Recently, someone wrote me asking how I cope with these “haters.” I don’t pretend to have any magic answers, and admit I constantly struggle with this issue myself. But I thought I’d share some tips that I’ve personally been trying to adopt lately when communicating with openly hostile people.
1. Stay Calm. I think the most important thing we can do when responding to hateful or ignorant people is to remain calm. The importance of keeping tabs on our emotions is illustrated by this true story recounted in The Animal Activist’s Handbook:
“Matt [co-founder of Vegan Outreach] was once tabling in a crowded lobby at a large agricultural university when a dairy farmer stopped by and started yelling. Matt calmly responded to the farmer, catching the attention of a passing Joe Espinosa. Joe listened, was impressed, subsequently joined Vegan Outreach, became a vegetarian then vegan, convinced a number of friends and family to become vegetarian, and has been a leading leafletter and activist for Vegan Outreach ever since. Can you imagine if Matt had instead yelled at the dairy farmer and reacted defensively? Perhaps Joe wouldn’t have even stopped. Perhaps he wouldn’t have heard Matt’s argument. As of this writing, Joe’s handed booklets to more than 145,000 individuals. Think about the impact of this one instance of behaving respectfully in the face of disrespect: so many people have learned the truth of modern agribusiness. One instance of respect has made a tremendous difference in the world.”

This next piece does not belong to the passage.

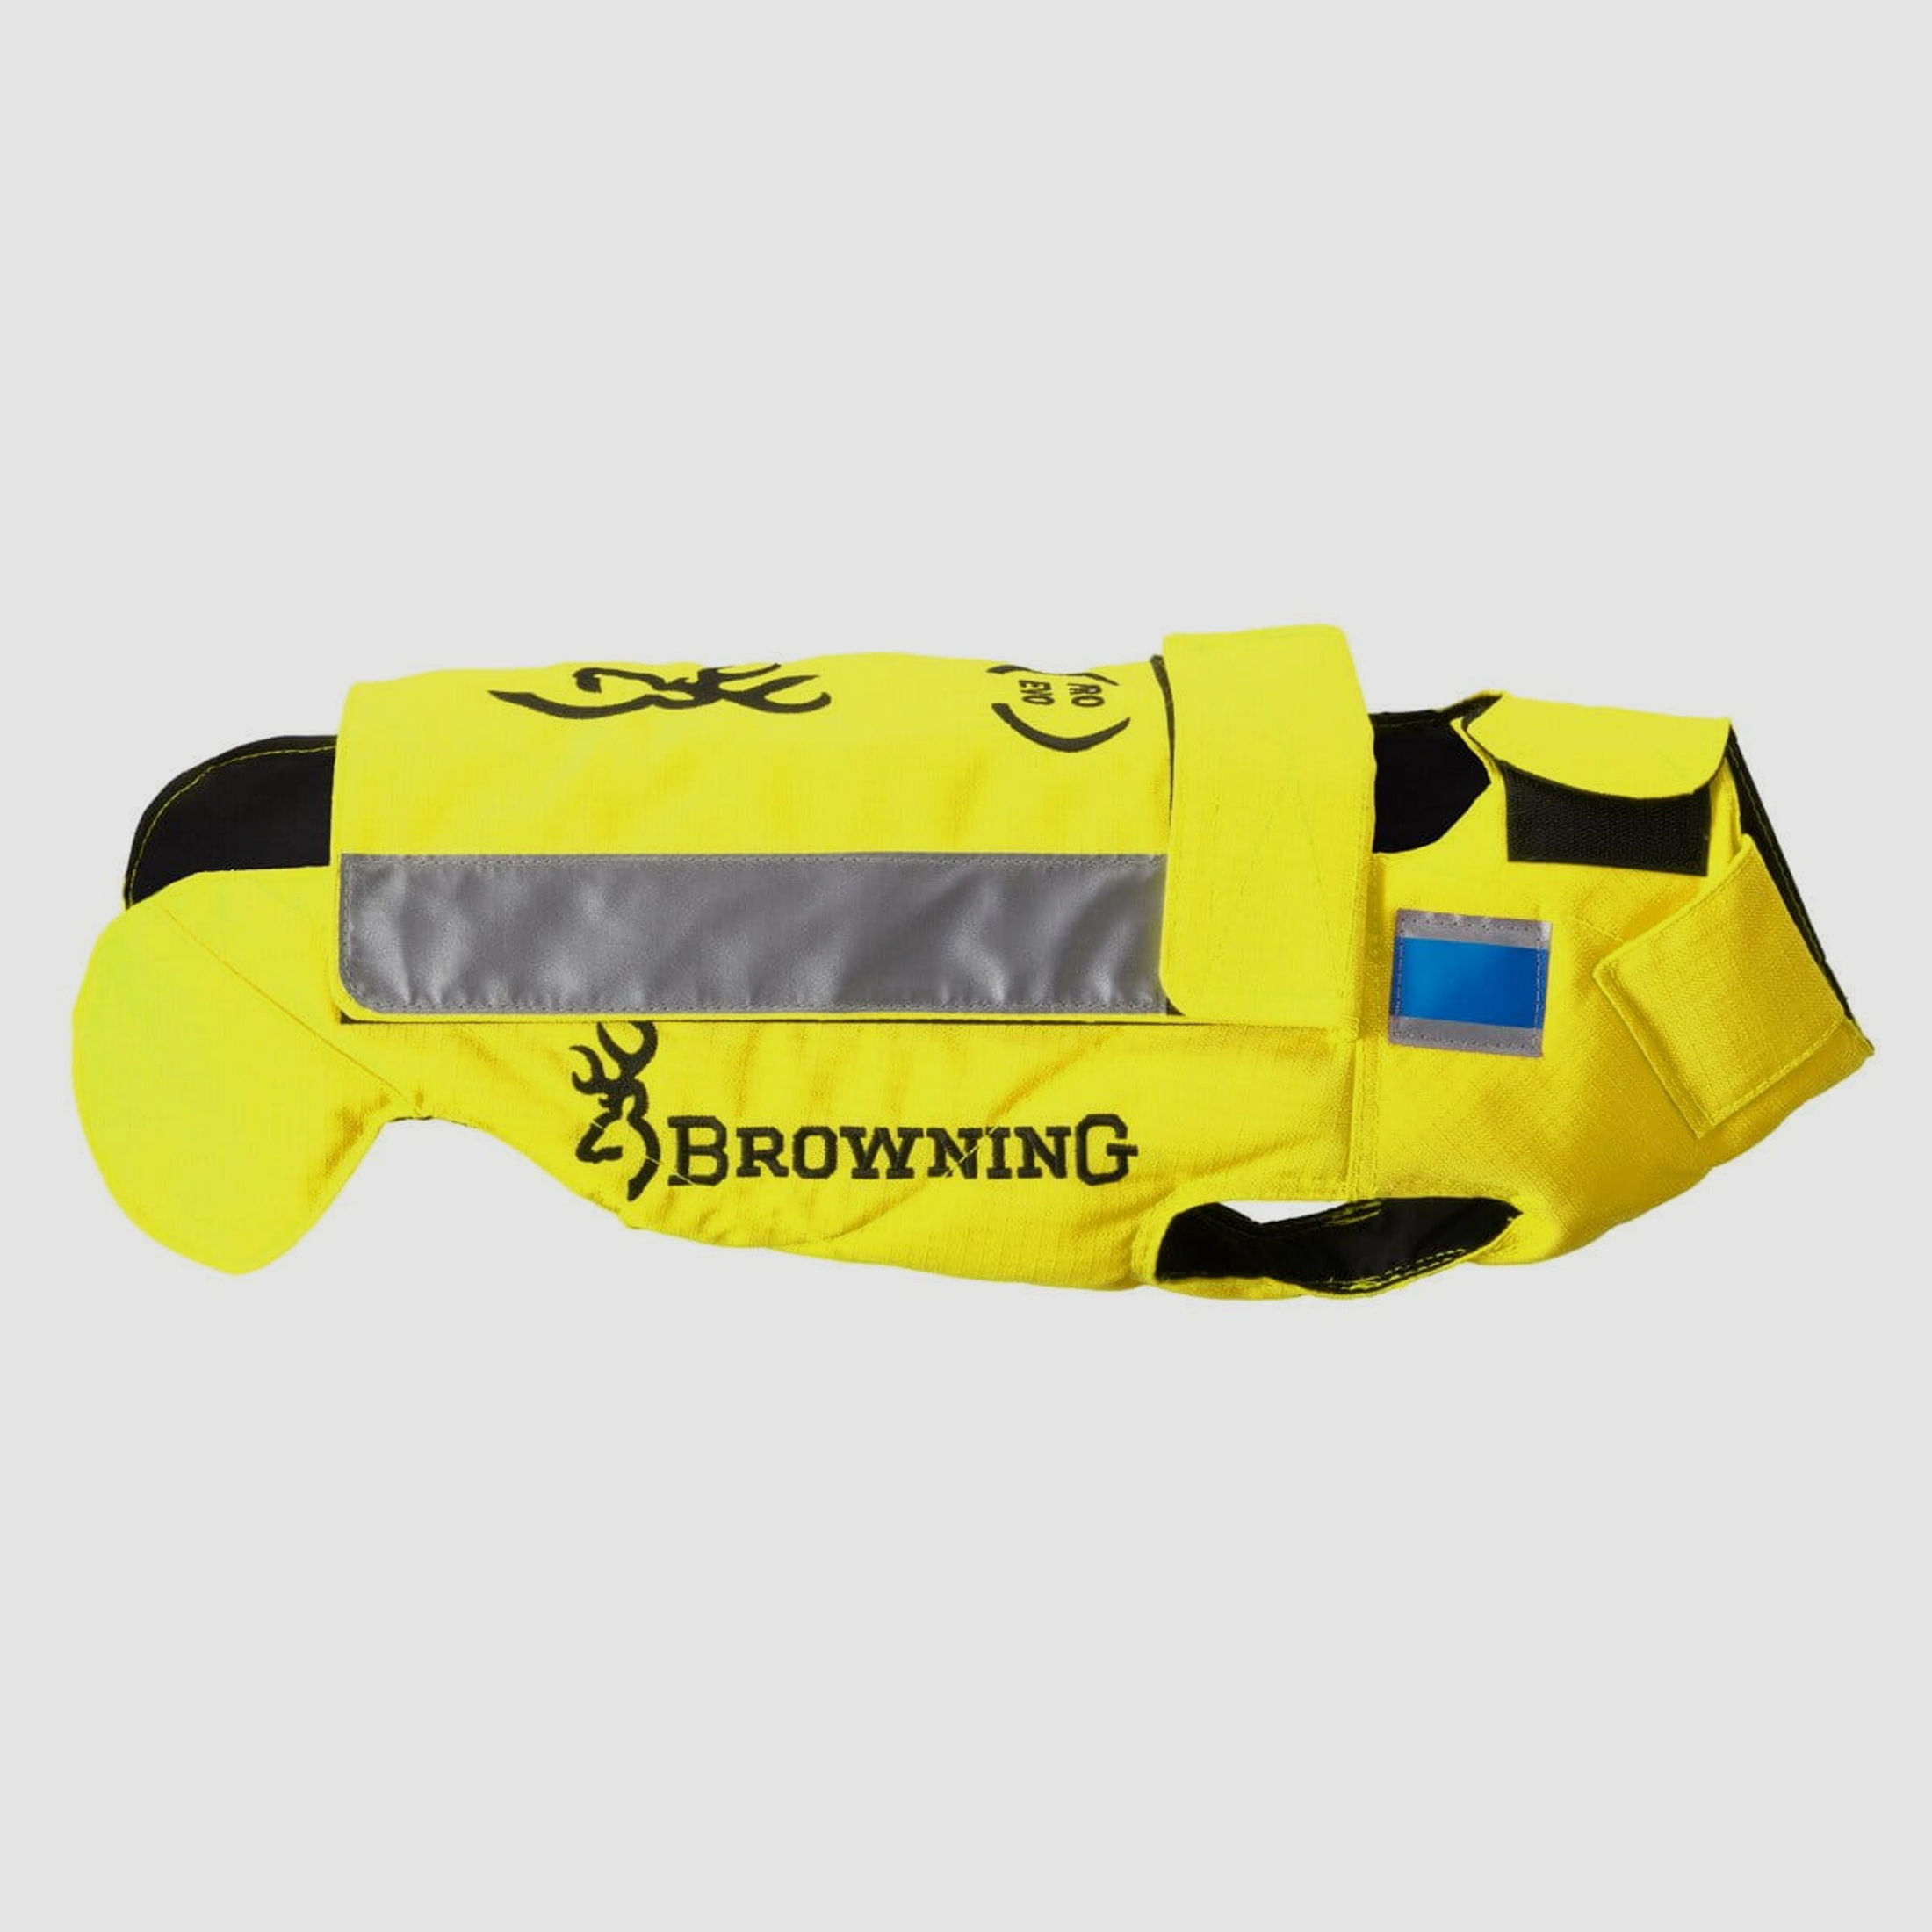 Browning Protect Pro Evo Hundeschutzweste

Our goal should be to educate, persuade, and to appeal –not necessarily to the irrational person who has made the offending remark — but rather to anyone who may be quietly reading or listening on the sidelines. If given the choice between a ranting, angry person and a calm, reasonable-sounding person, most people will sympathize with the latter, even if they don’t immediately share the same views. Knowing this gives me incentive to try my best to remain as calm and rational as possible. I don’t always succeed, but I keep trying.
2. Use Language That Is Inclusive and Personal, Not Accusatory. The other thing I’ve been working on lately is framing my remarks in terms of “We” instead of “You.” If I write: “When you buy dairy products, you are contributing to animal cruelty,” the person reading is likely to get defensive and shut me out. But if I use the pronoun “we” or even the more generalized noun “people” instead, the reader is less likely to feel threatened and therefore, may be more open to hearing what I have to say. The same is true for using the pronouns “I” and “Me” instead of “You.” Instead of saying, “You care about animals, so you should go vegan.” I believe it’s more effective to say, “I care about animals, so I decided to go vegan.” These are very simple changes we can make in how we communicate. And I think they really work.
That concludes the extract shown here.